Chapter 4.3 of the Final TSD provides more information on how NHTSA accounts for and models VMT. 4. Changes to Fuel Consumption
NHTSA uses fuel economy, age, and VMT estimates to determine changes in fuel consumption. NHTSA divides the expected vehicle use by the anticipated mpg to calculate the gallons consumed by each simulated vehicle, and when aggregated, the total fuel consumed in each alternative.
F. Simulating Emissions Impacts of Regulatory Alternatives
Changes in fuel consumption because of changes in CAFE standards (and resulting technology application) will result in changes in emissions of various pollutants.\428\ Vehicle-related emissions are computed by multiplying vehicle activity (e.g., miles traveled, hours operated, or gallons of fuel burned), population (or number of vehicles), and emission factors. An emission factor is a representative rate that attempts to relate the quantity of a pollutant released to the atmosphere per unit of activity. As in past rules, the CAFE Model generates vehicle activity levels (both miles traveled and fuel consumption), while emission factors have been adapted from models developed and maintained by other Federal agencies.
\428\ The various pollutants include carbon monoxide (CO), volatile organic compounds (VOCs), nitrogen oxides (NOX), sulfur oxides (SOX), particulate matter with a diameter of 2.5-micron ([micro]m) or less (PM2.5), carbon dioxide (CO2), methane (CH4), and nitrous oxide (N2O).
This section provides a brief overview of how the agency estimates the resulting changes in emissions and associated effects from emissions of those pollutants.\429\ In this section, emissions that are generated between the initial point of oil extraction and delivering fuel to vehicles' fuel tanks or energy storage systems are referred to as “upstream” emissions, while “downstream” emissions refer to those emitted by vehicles' exhaust systems, and also include other emissions generated during vehicle refueling, use, and inactivity (called “soaking”), including hydrofluorocarbons leaked from vehicles' AC systems.\430\ Emissions also include particulate matter released into the atmosphere by BTW, as well as evaporation of volatile organic compounds from fuel pumps and vehicles' fuel storage systems during refueling and when parked.
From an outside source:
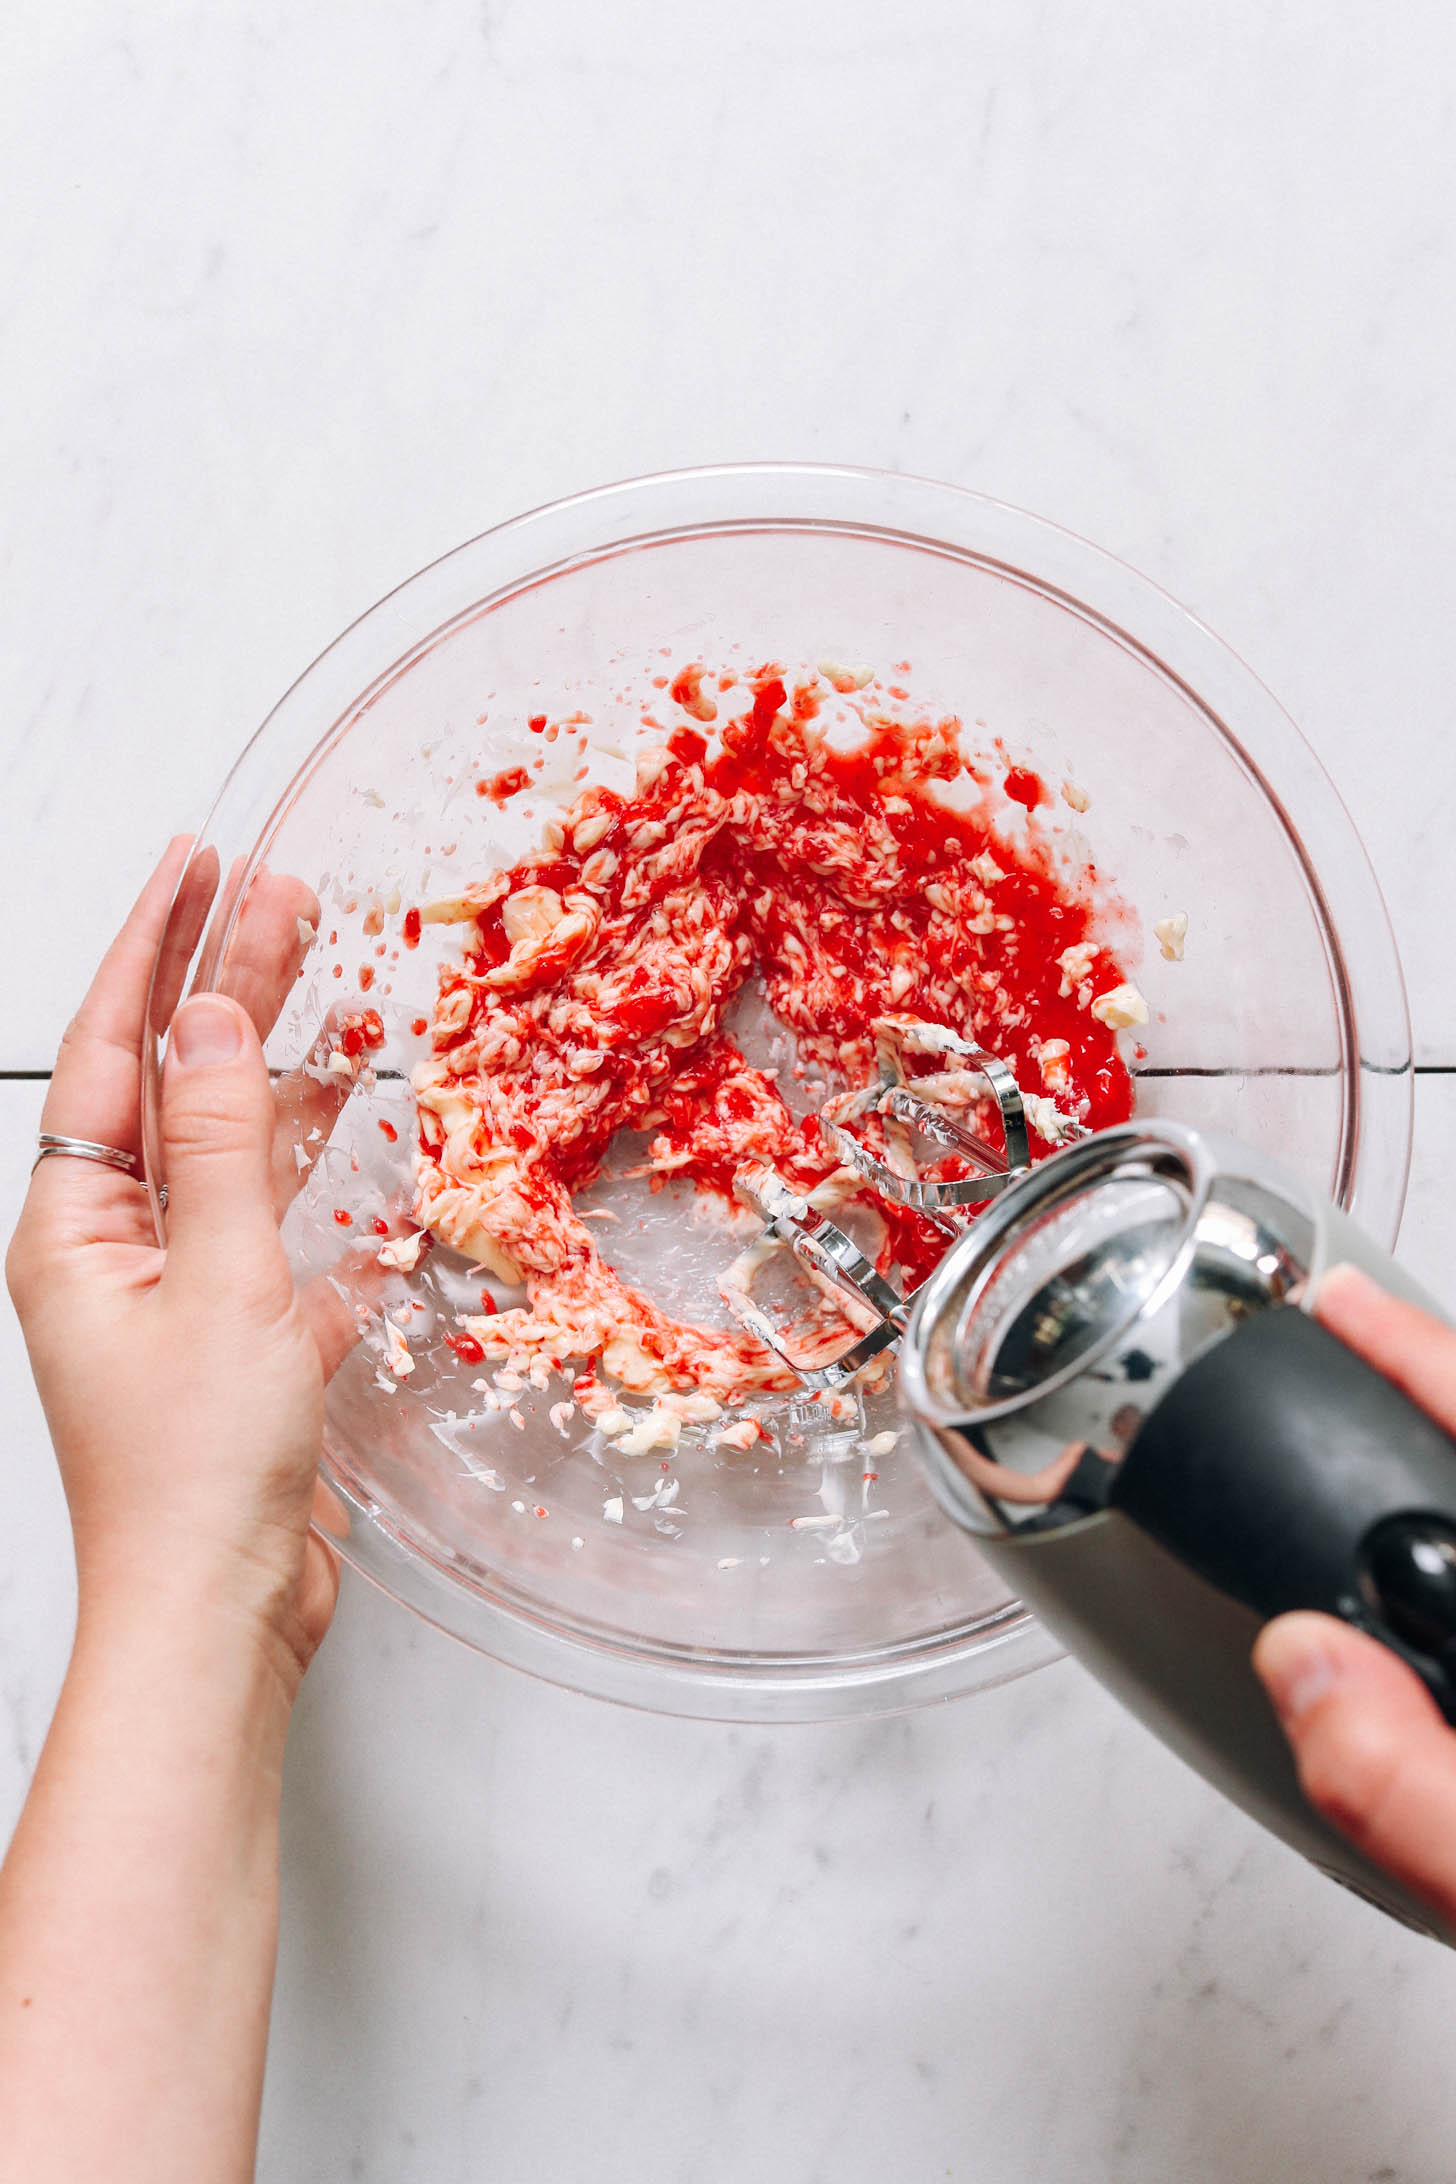 Using a hand mixer to combine strawberry purée and vegan butter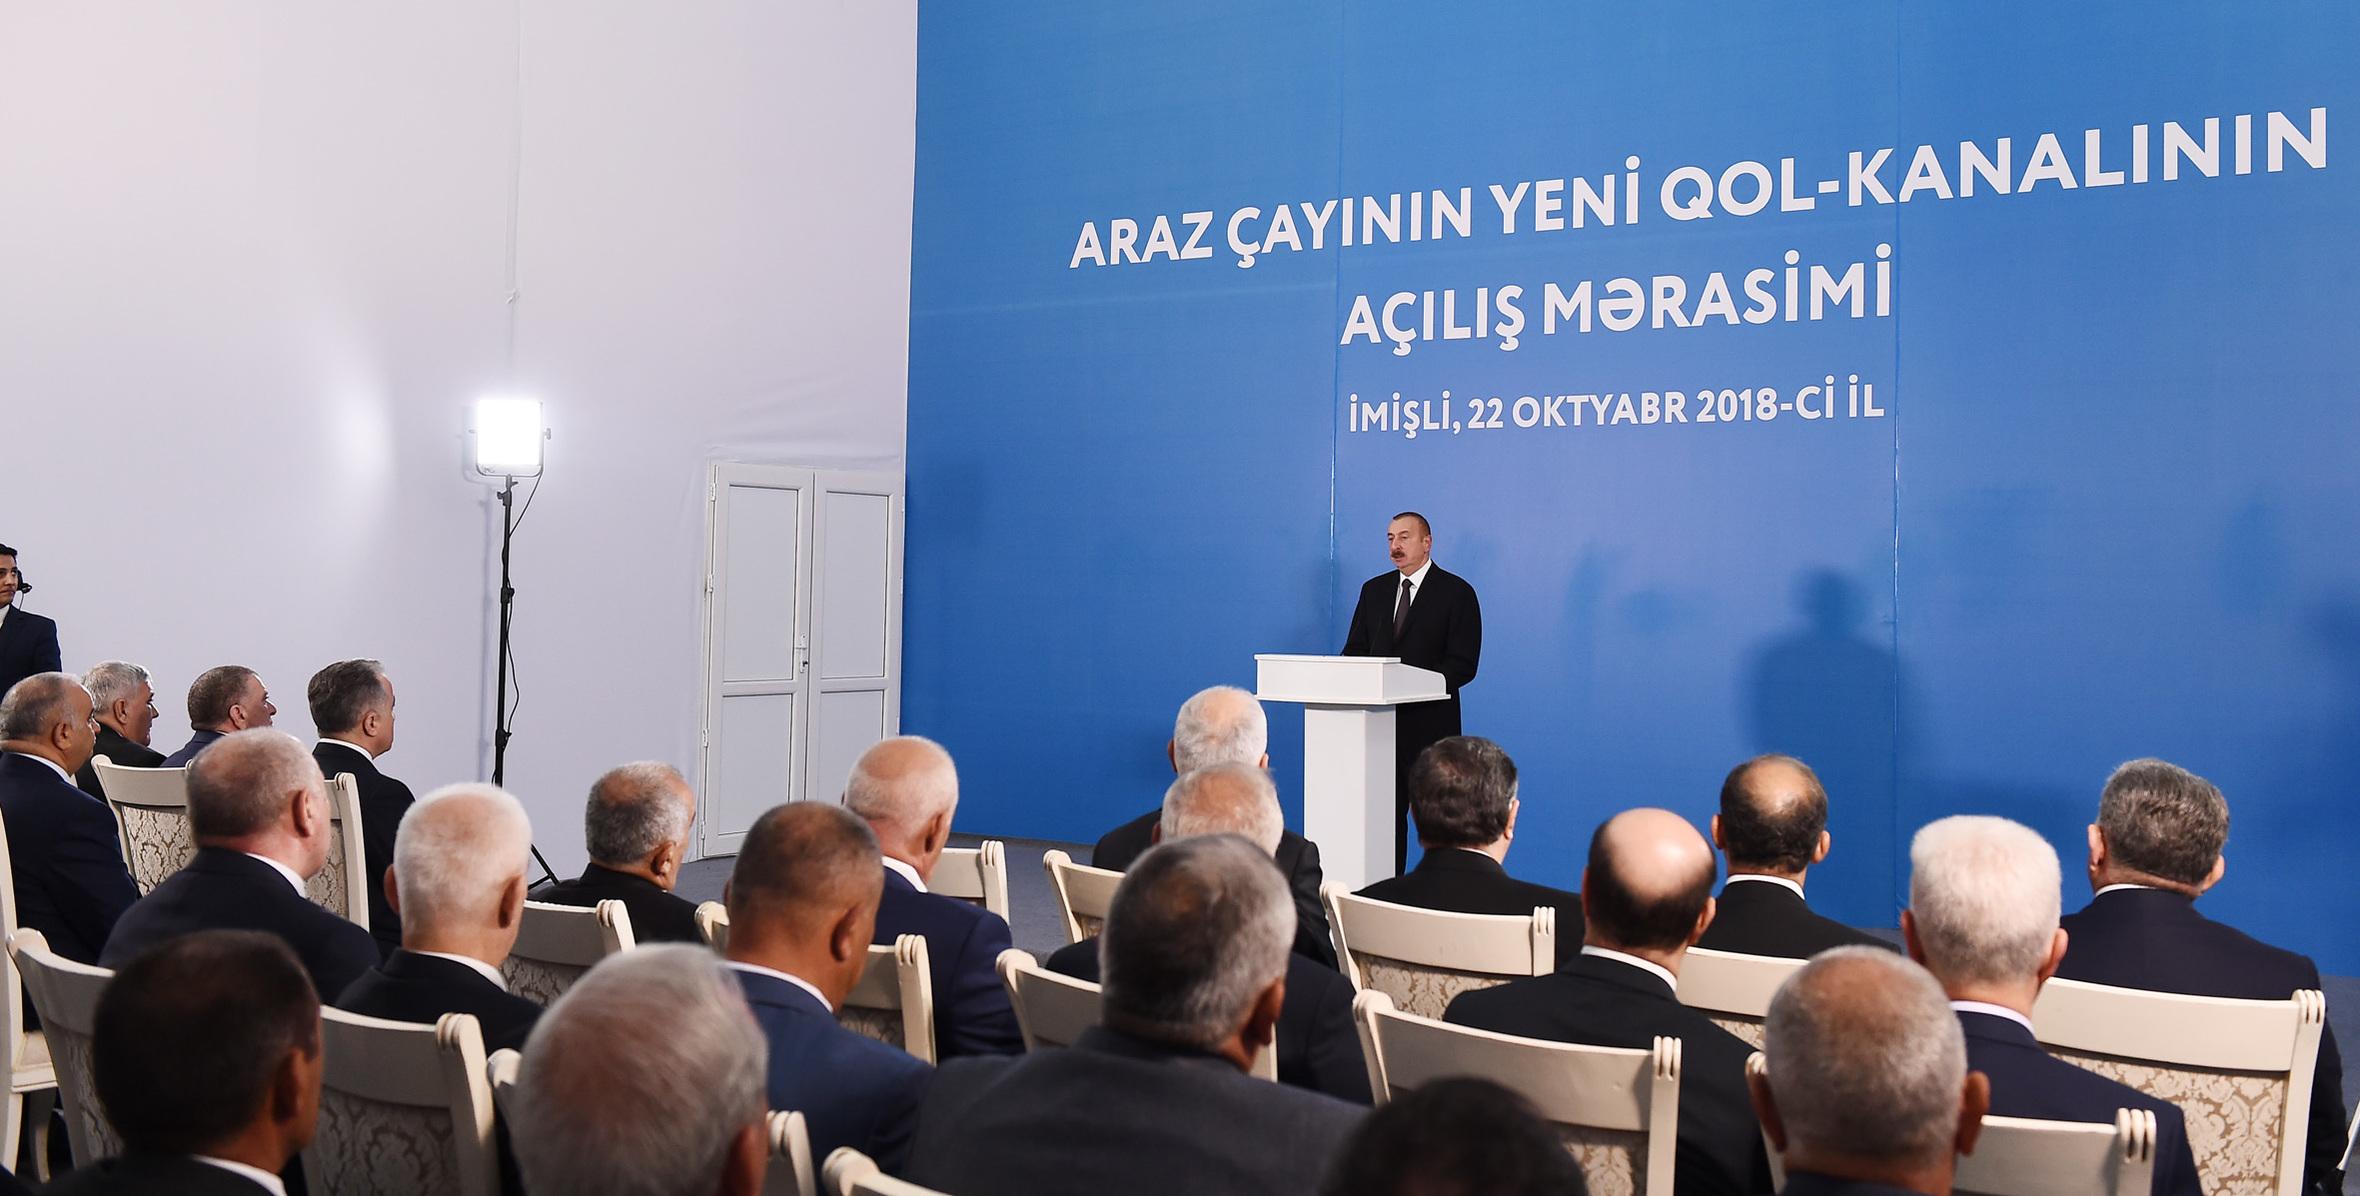 Speech by Ilham Aliyev at the opening of a new distributary channel of the Araz River

\429\ While NHTSA considers the impacts of this rulemaking on the levels of various pollutant emissions, the main analysis does not include a monetization of any changes in levels of CO2, CH4, and N2O emissions. (An analysis using the domestic-only valuation of those emissions is included in a sensitivity case). Monetized changes in criteria pollutant emissions are discussed in the preamble Section II.G and Chapter 6.2.2 of the Final TSD.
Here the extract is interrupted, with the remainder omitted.